The task> The data below should be restated word for word, with every picture omitted.

Recorded information Block Start

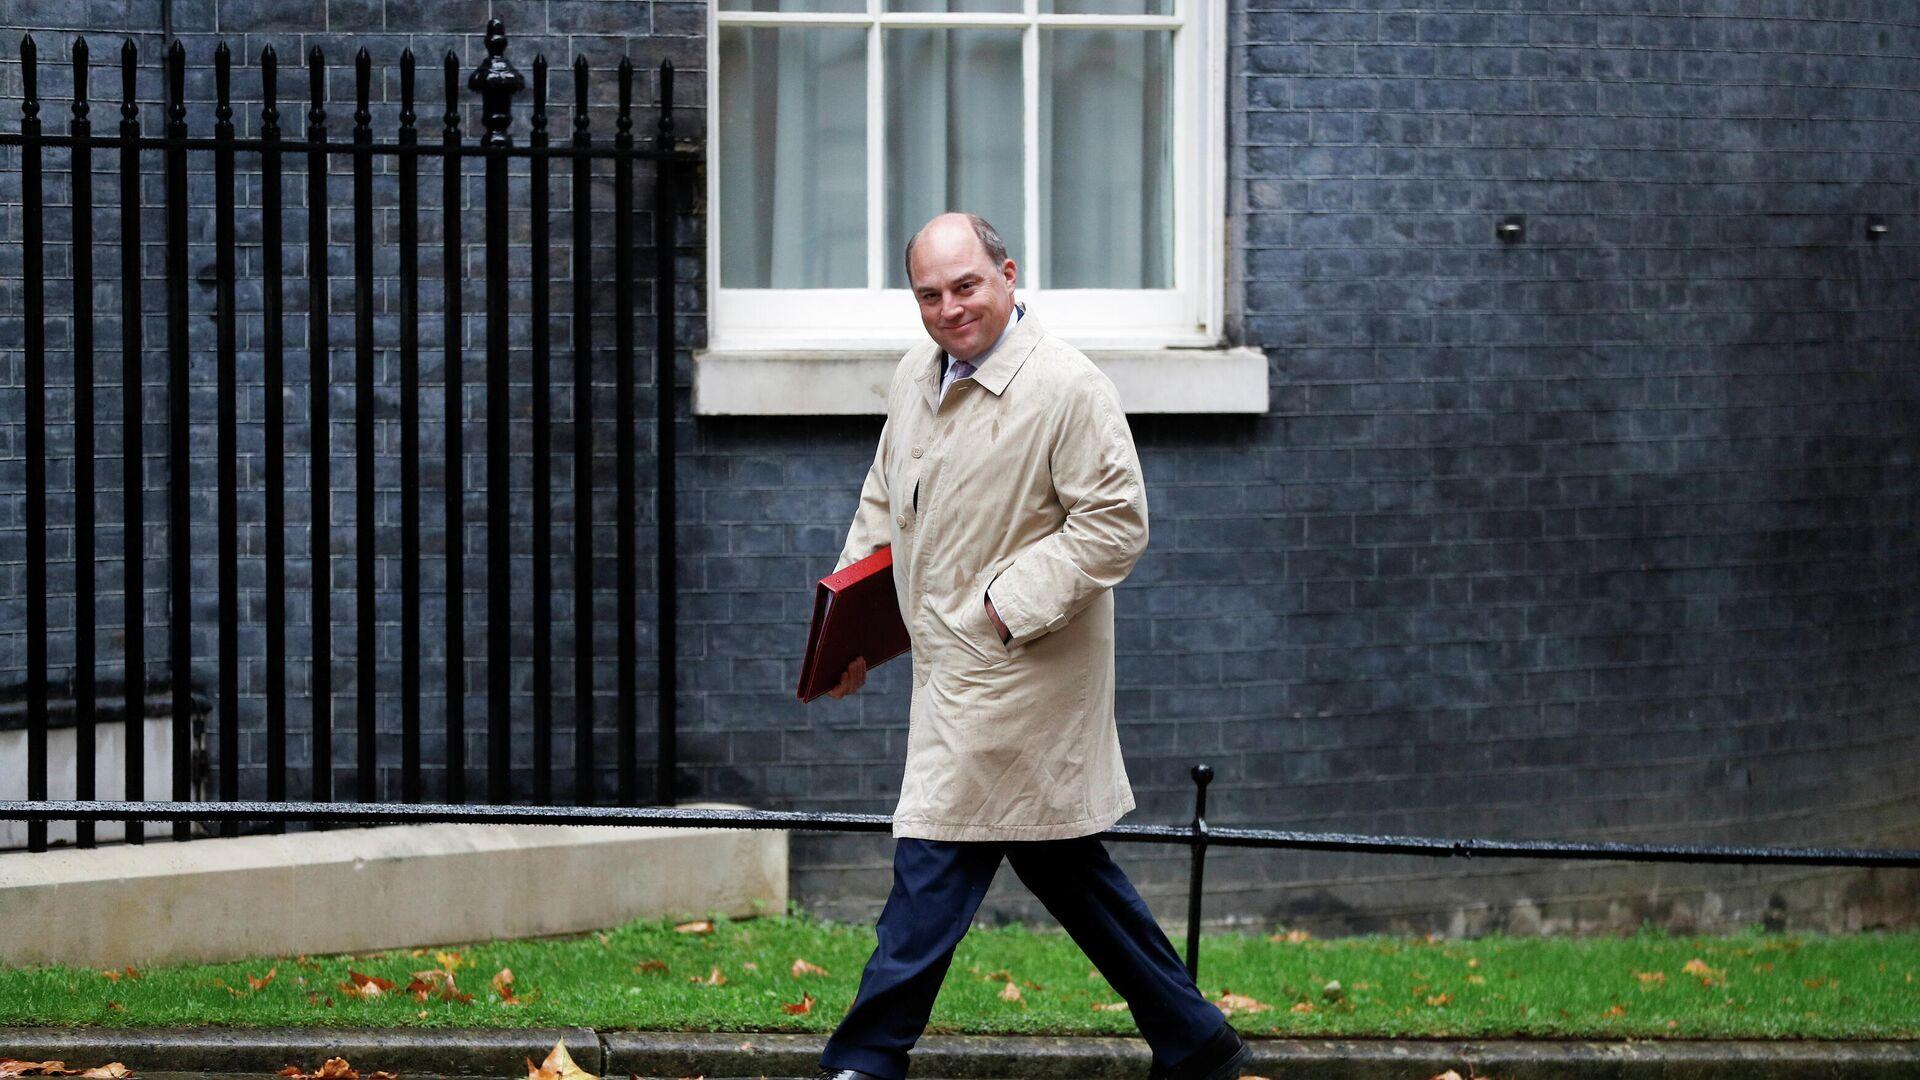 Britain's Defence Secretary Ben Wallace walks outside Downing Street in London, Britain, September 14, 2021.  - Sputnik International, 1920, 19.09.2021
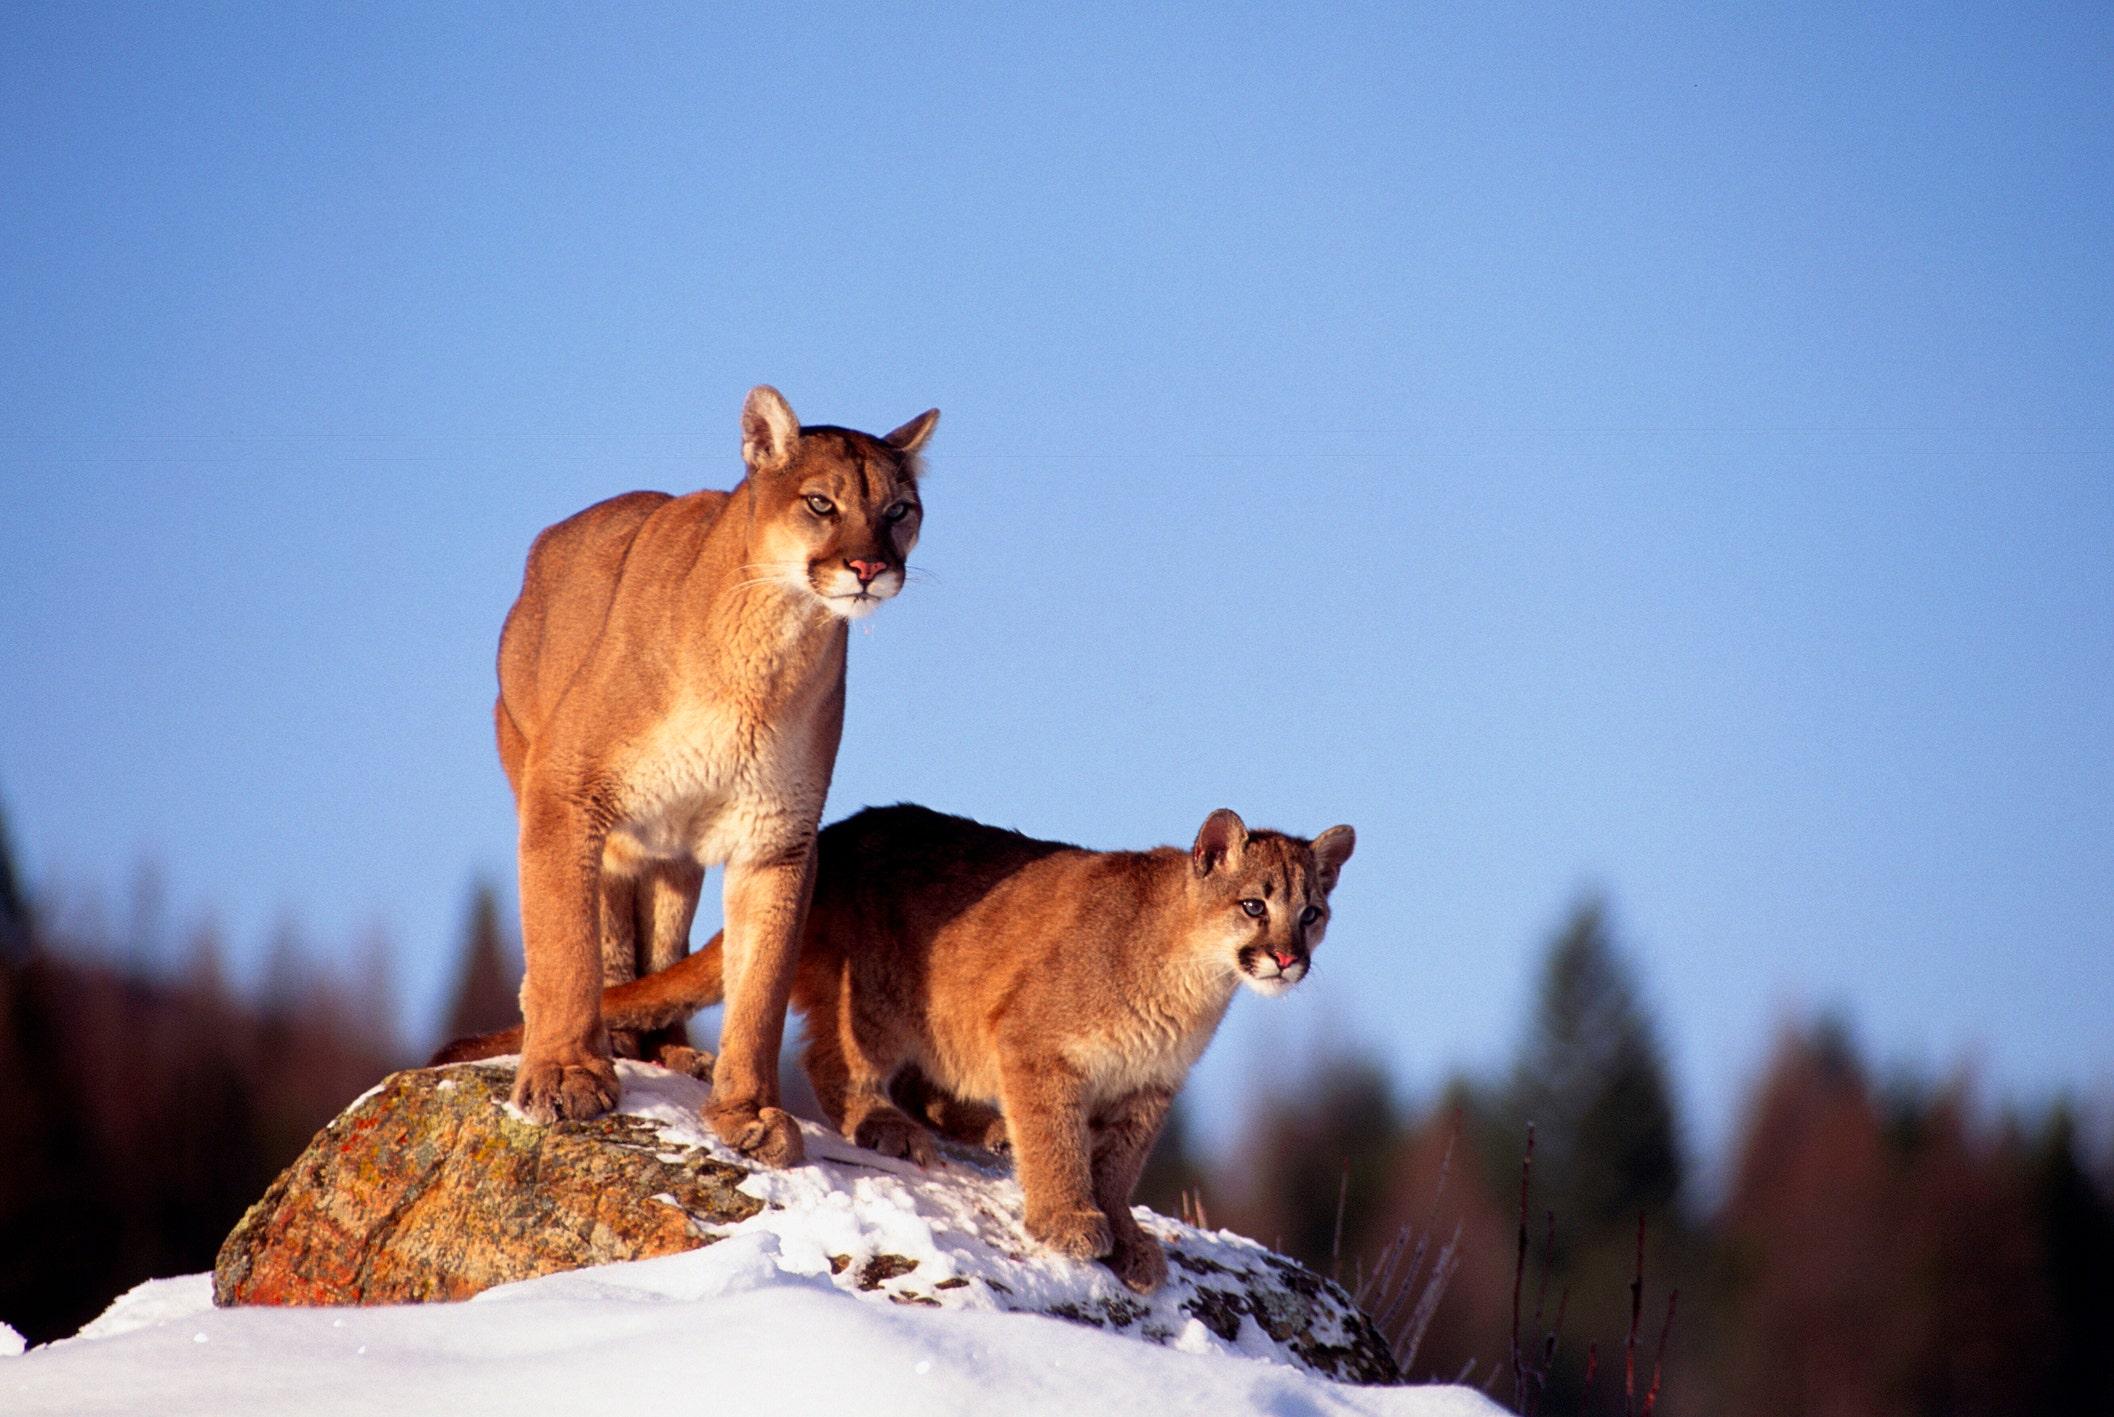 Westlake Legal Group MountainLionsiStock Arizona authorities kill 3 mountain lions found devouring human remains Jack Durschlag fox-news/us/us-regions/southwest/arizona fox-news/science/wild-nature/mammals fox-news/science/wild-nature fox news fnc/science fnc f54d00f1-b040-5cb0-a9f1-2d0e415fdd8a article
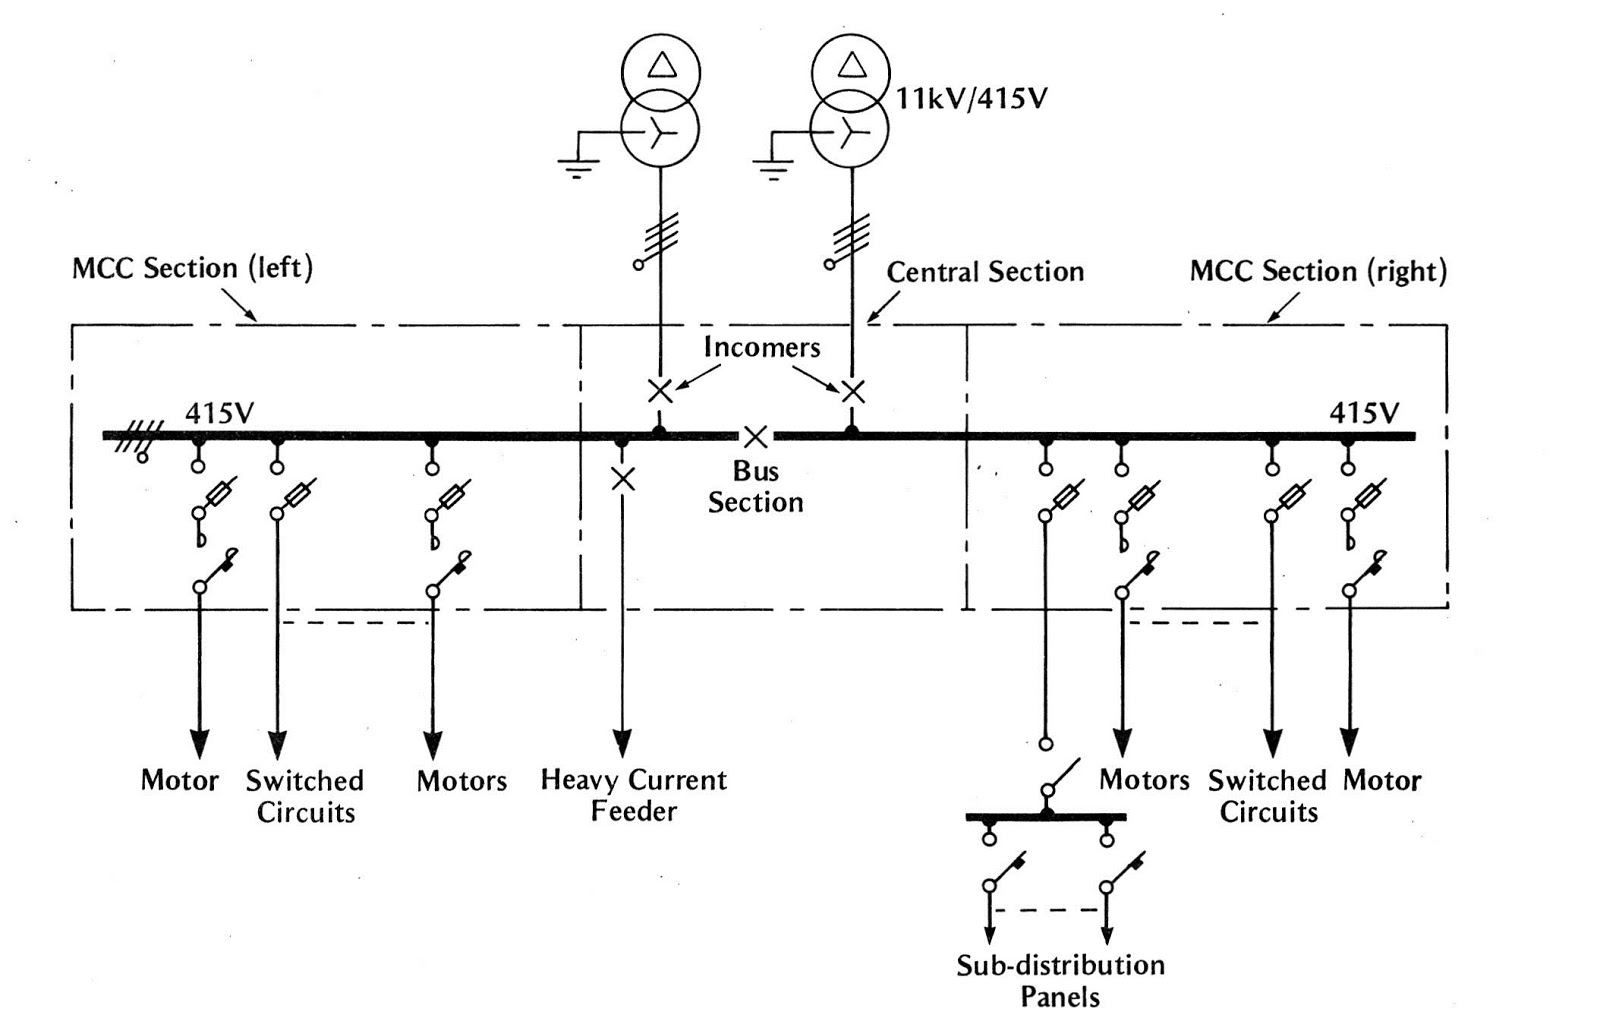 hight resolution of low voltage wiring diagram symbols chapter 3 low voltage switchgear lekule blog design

Recorded information Block End

Response to this task>
 Britain's Defence Secretary Ben Wallace walks outside Downing Street in London, Britain, September 14, 2021.  - Sputnik International, 1920, 19.09.2021
 Westlake Legal Group MountainLionsiStock Arizona authorities kill 3 mountain lions found devouring human remains Jack Durschlag fox-news/us/us-regions/southwest/arizona fox-news/science/wild-nature/mammals fox-news/science/wild-nature fox news fnc/science fnc f54d00f1-b040-5cb0-a9f1-2d0e415fdd8a article
 hight resolution of low voltage wiring diagram symbols chapter 3 low voltage switchgear lekule blog design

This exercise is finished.